Data records: Begin

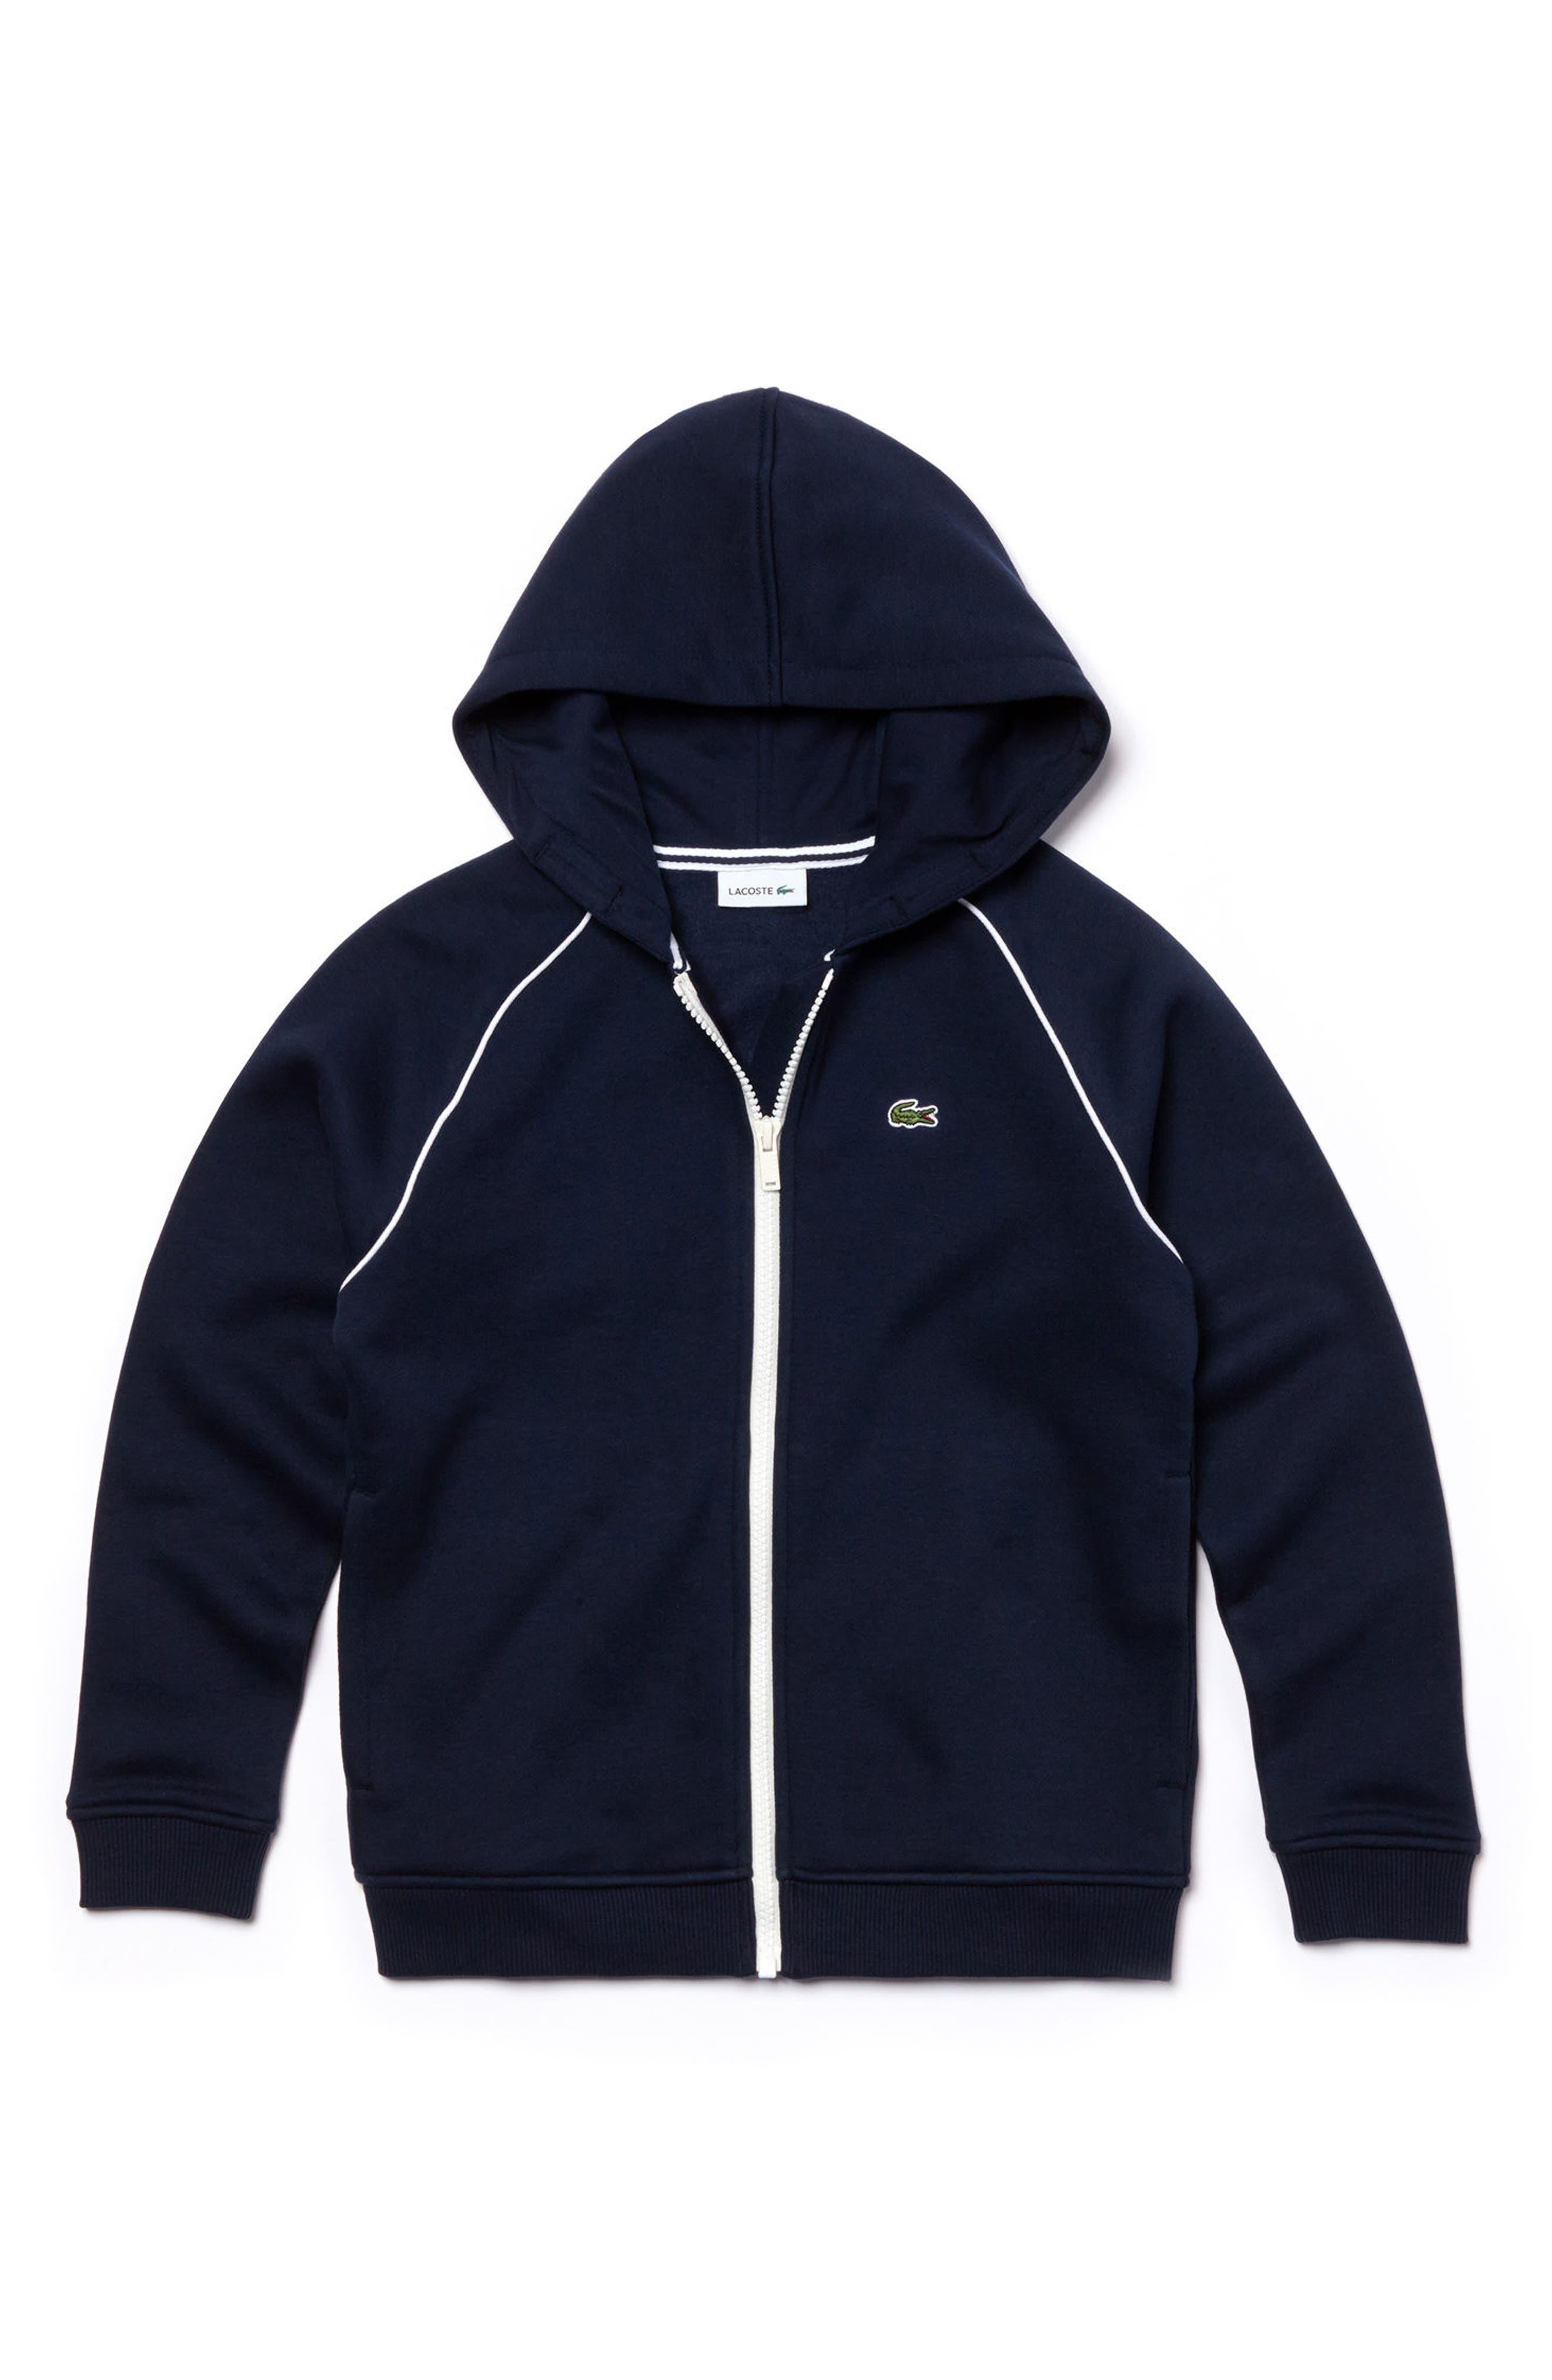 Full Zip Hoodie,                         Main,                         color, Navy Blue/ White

Data records: End
Data records: Begin

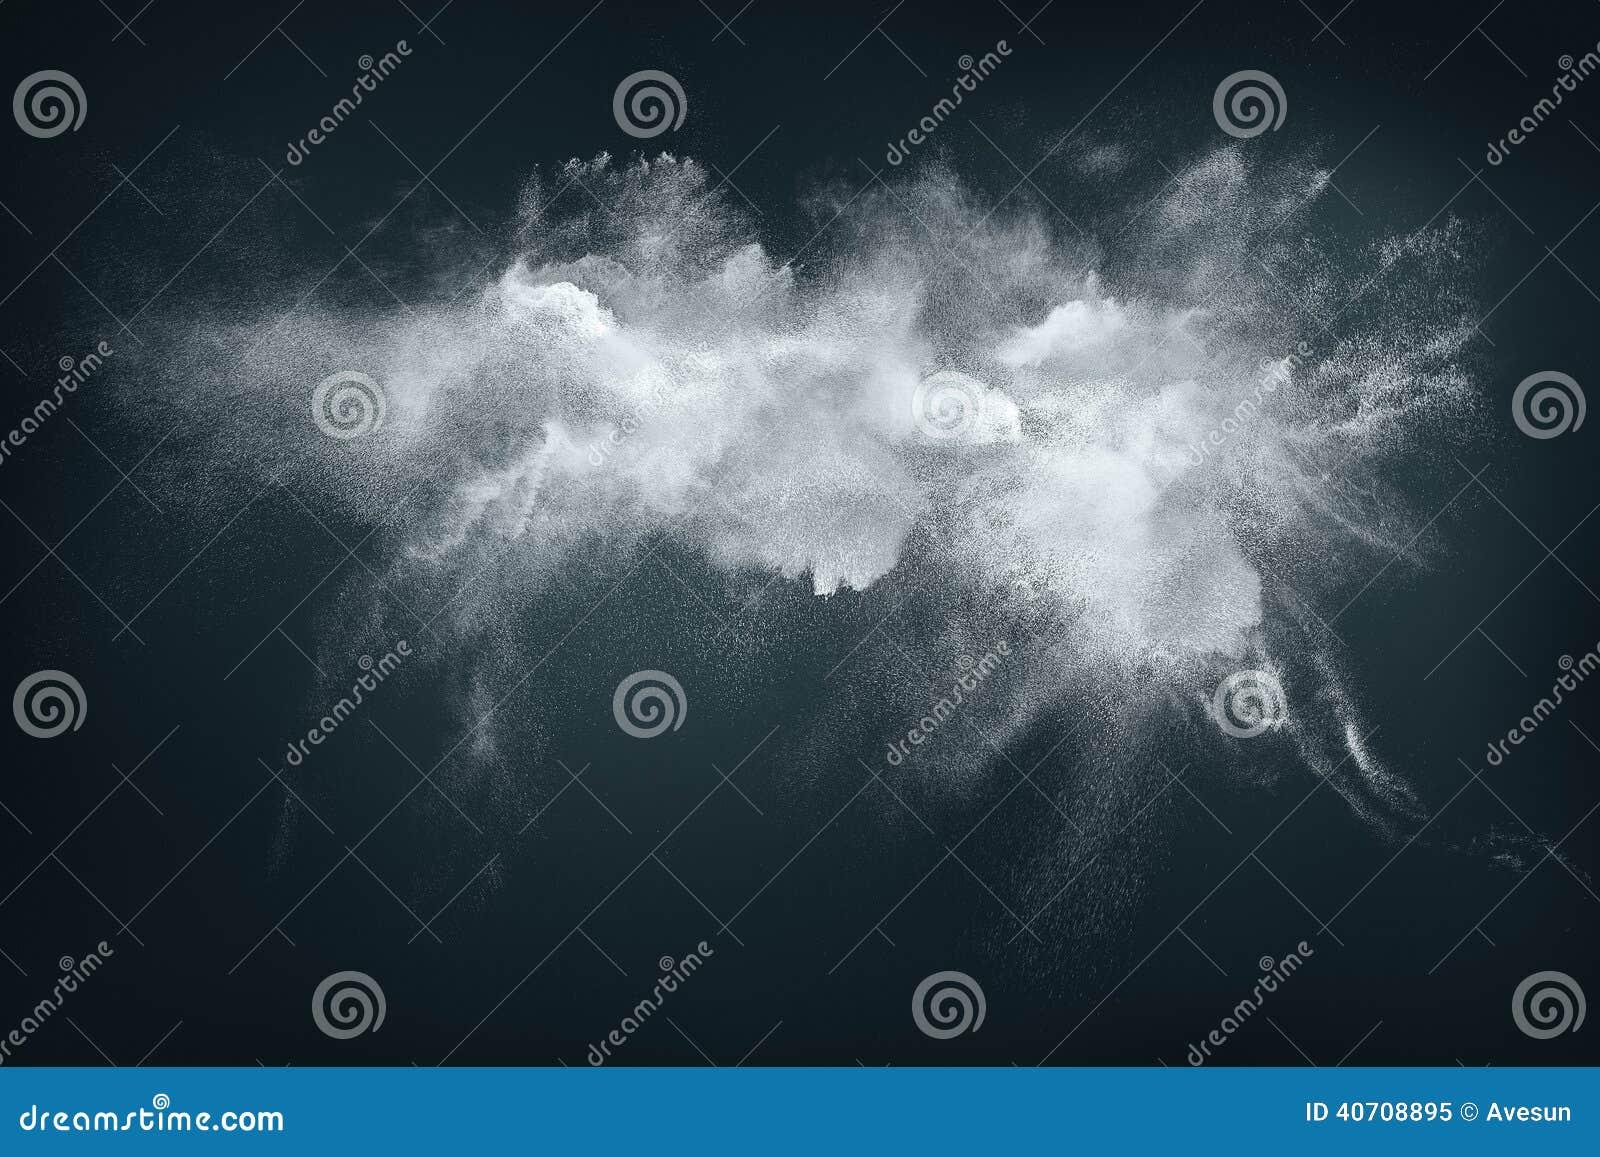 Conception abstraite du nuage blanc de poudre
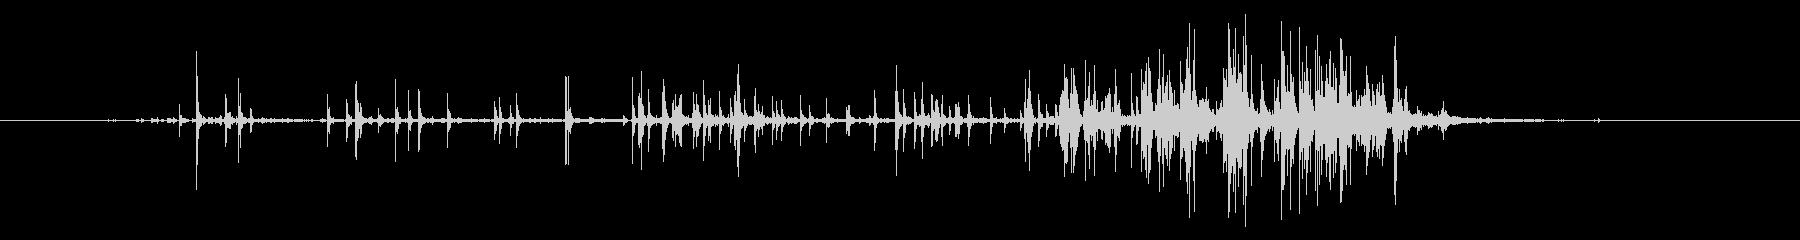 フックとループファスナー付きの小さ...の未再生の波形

Data records: End

» **Exercise instructions**
Find where the line with "Conception abstraite du" sits in the material above and where the line with "フックとループファスナー付きの小さ...の未再生の波形" sits. Set down exactly the lines from the first to the second, both included and nothing else, without pictures.

» **Answer section**
 Conception abstraite du nuage blanc de poudre
 フックとループファスナー付きの小さ...の未再生の波形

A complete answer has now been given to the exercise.